Mohammed was arrested after ‘making a mistake’. In April 2021, he called HSBC with a suspected victim’s account and sort code but gave his own name, apparently under the influence of drink or drugs.
Following an investigation by the Debit & Payment Card Crime Unit, a national police unit that works with the banking industry, he was arrested near his Wilburn Basin flat on Ordsall Lane, Ordsall. A phone containing SIM cards of three numbers linked to the scam was found.
He pleaded guilty at an earlier hearing to one count of conspiracy to defraud. He admitted on the basis of a plea that he defrauded nine victims over a period of three years – April 2021 to April 2024 – of up to £958,949. The court was told that the ‘wider conspiracy’ involved more than £1.5m. The banks paid back some of the victims’ money, but not all of it.
Mohammed had a previous conviction for an almost identical offence. He was part of an ‘international organized crime gang targeting elderly Scots’ in a ‘series of elaborate scams’ for which he was jailed in 2013.
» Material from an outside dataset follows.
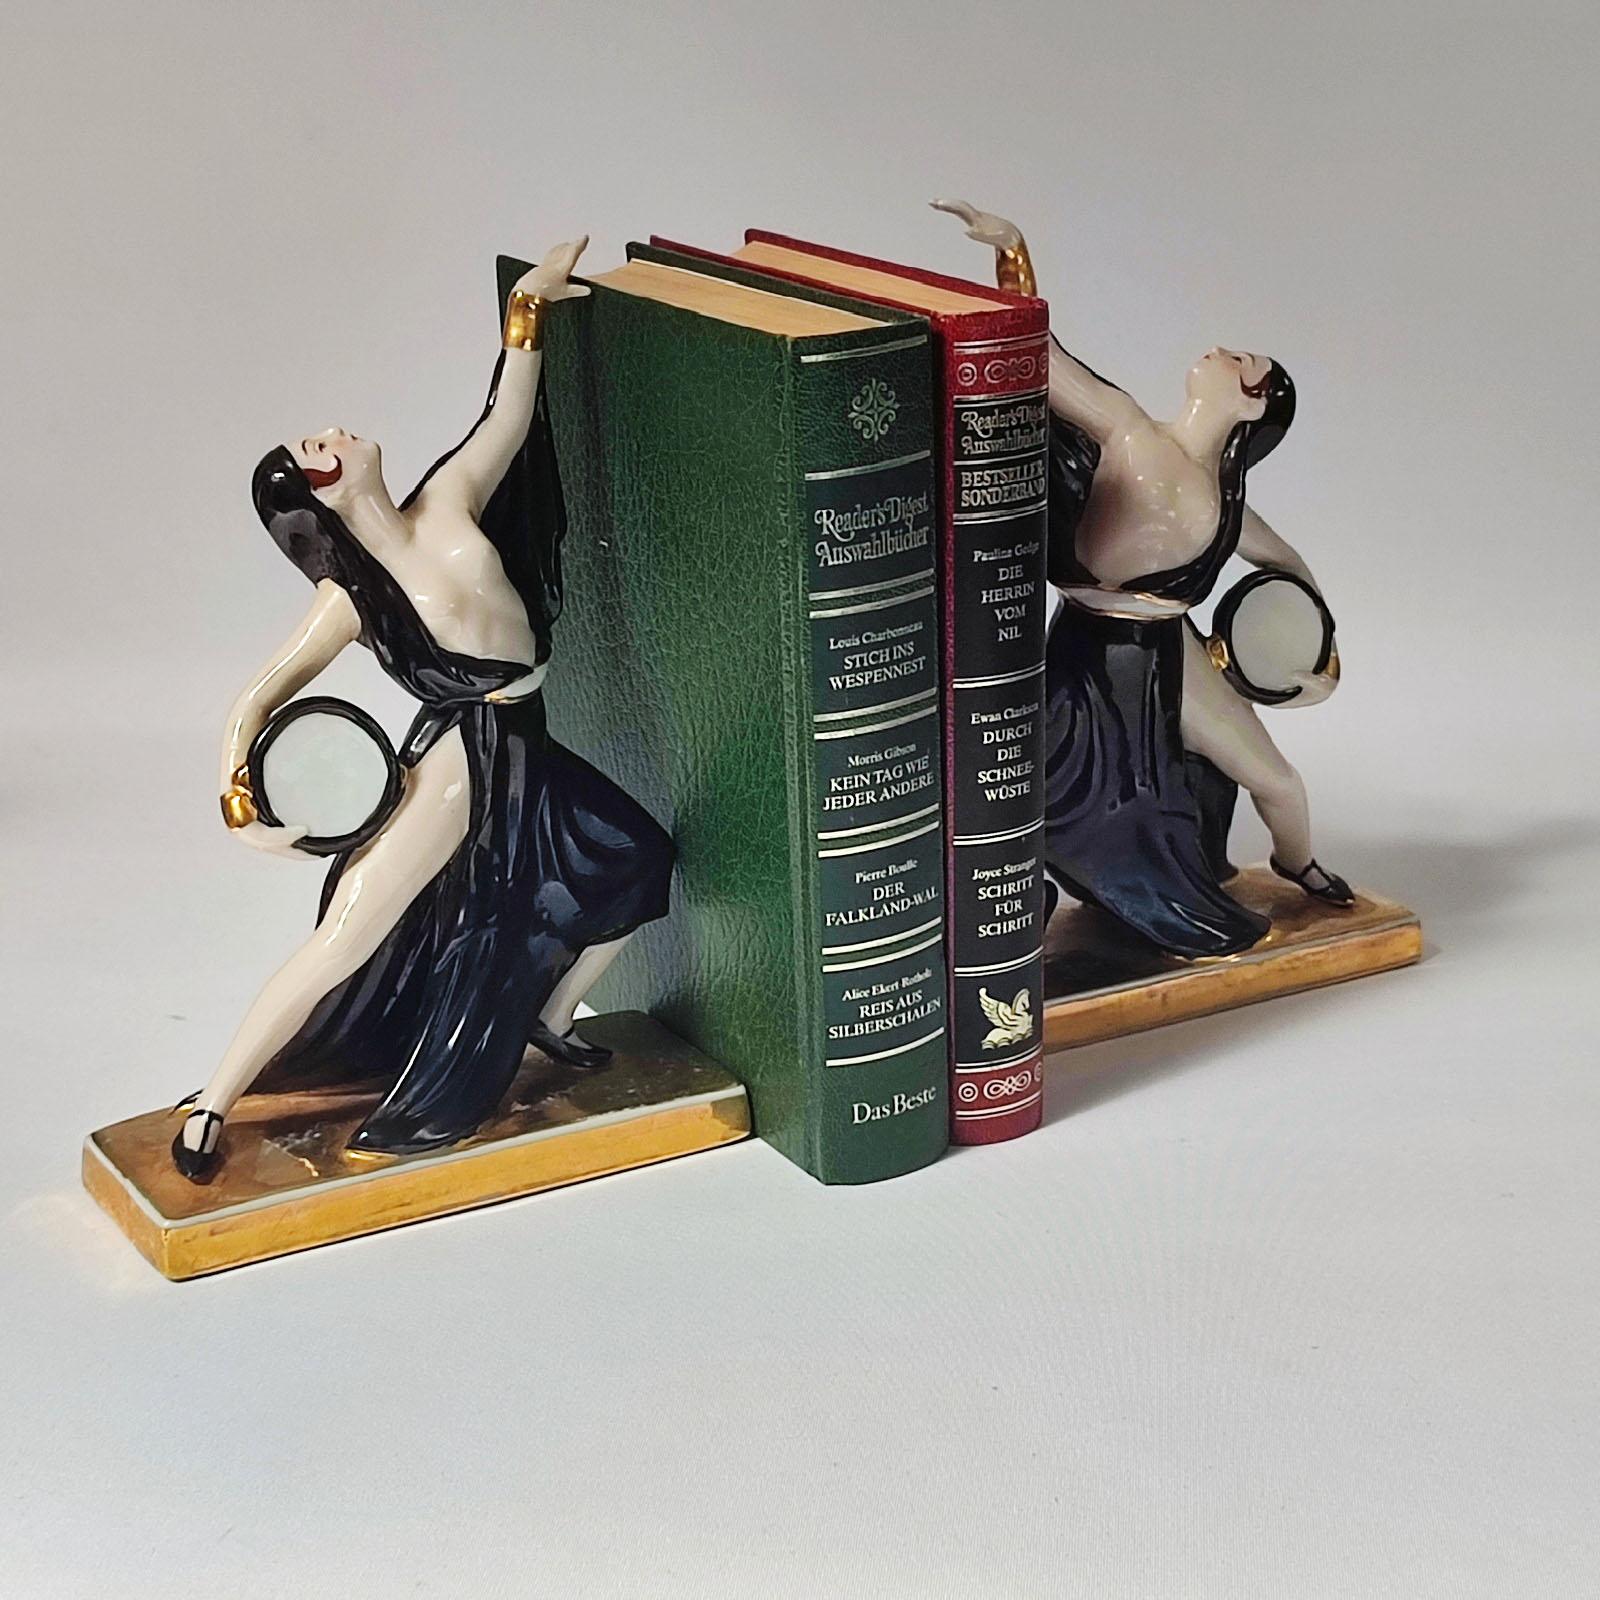 Pair of Art Deco ceramic bookends depicting two dancers. Stamped under the bottom ROBJ, Paris.
Excellent condition.
Dimensions: 14 x 5.5 x 20 cm (5.51 x 2.16 x 7.87 in).
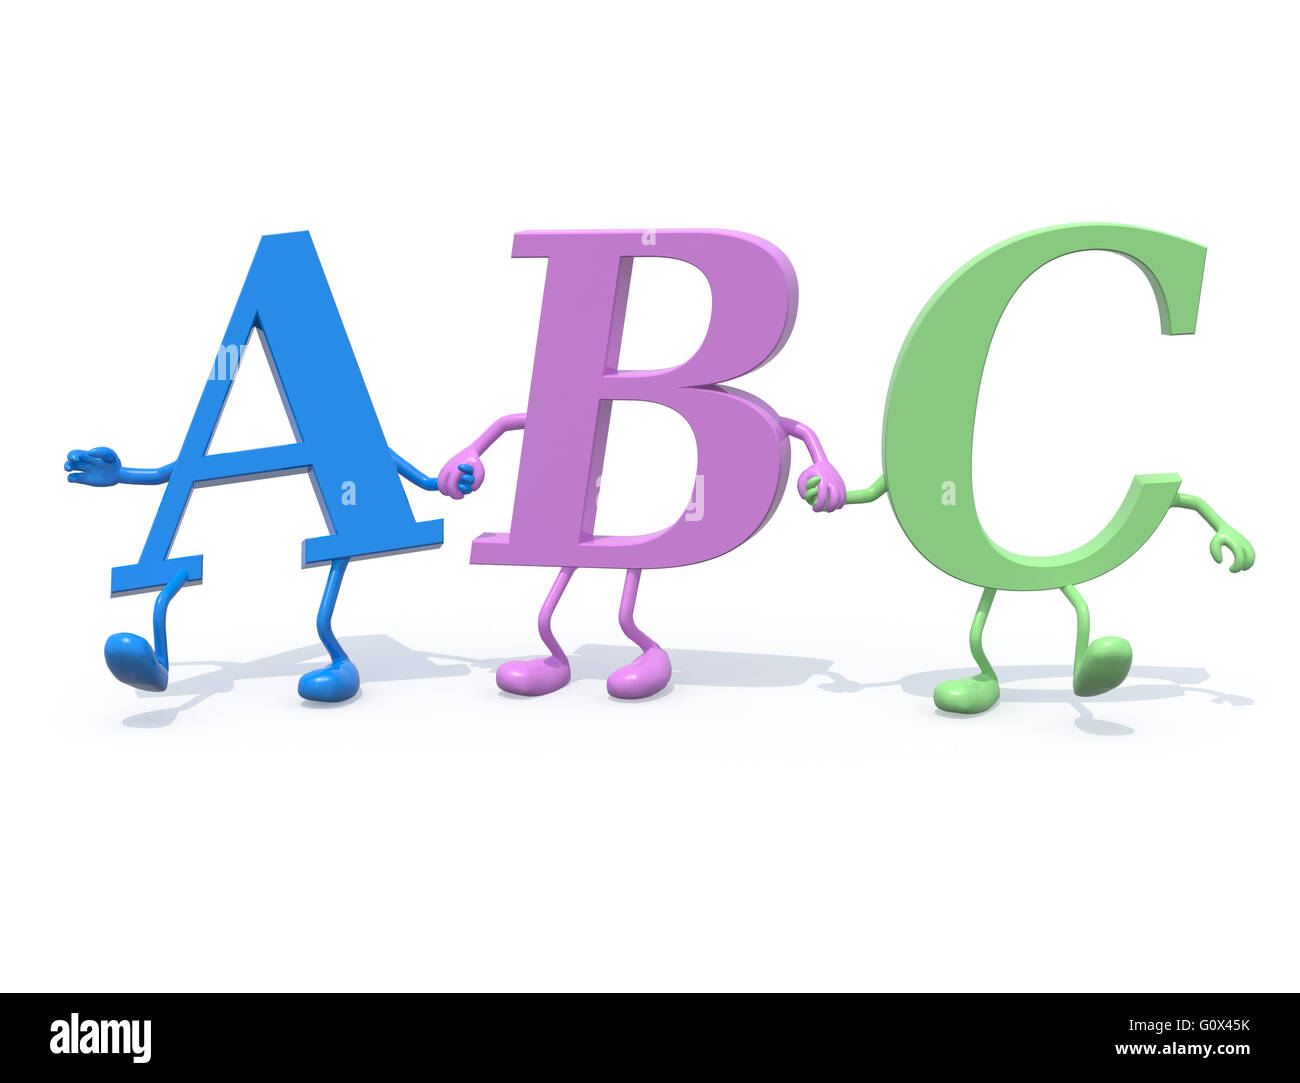 3d letters 'ABC' with arms and legs that walk hand in hand, 3d illustration Stock Photo

On Thursday (October 31), Judge Suzanne Goddard KC sentenced him to six years and nine months. She added: “This is the most sophisticated and complex banking fraud against individuals I have seen in my 38 years in criminal law.”
She said the impact on the victims was ‘horrendous’, saying: “It’s telling that they have found the stoicism to get on with their lives and make the best of things, despite the huge financial loss that they suffered. a testament to the stoicism of people of their generation.”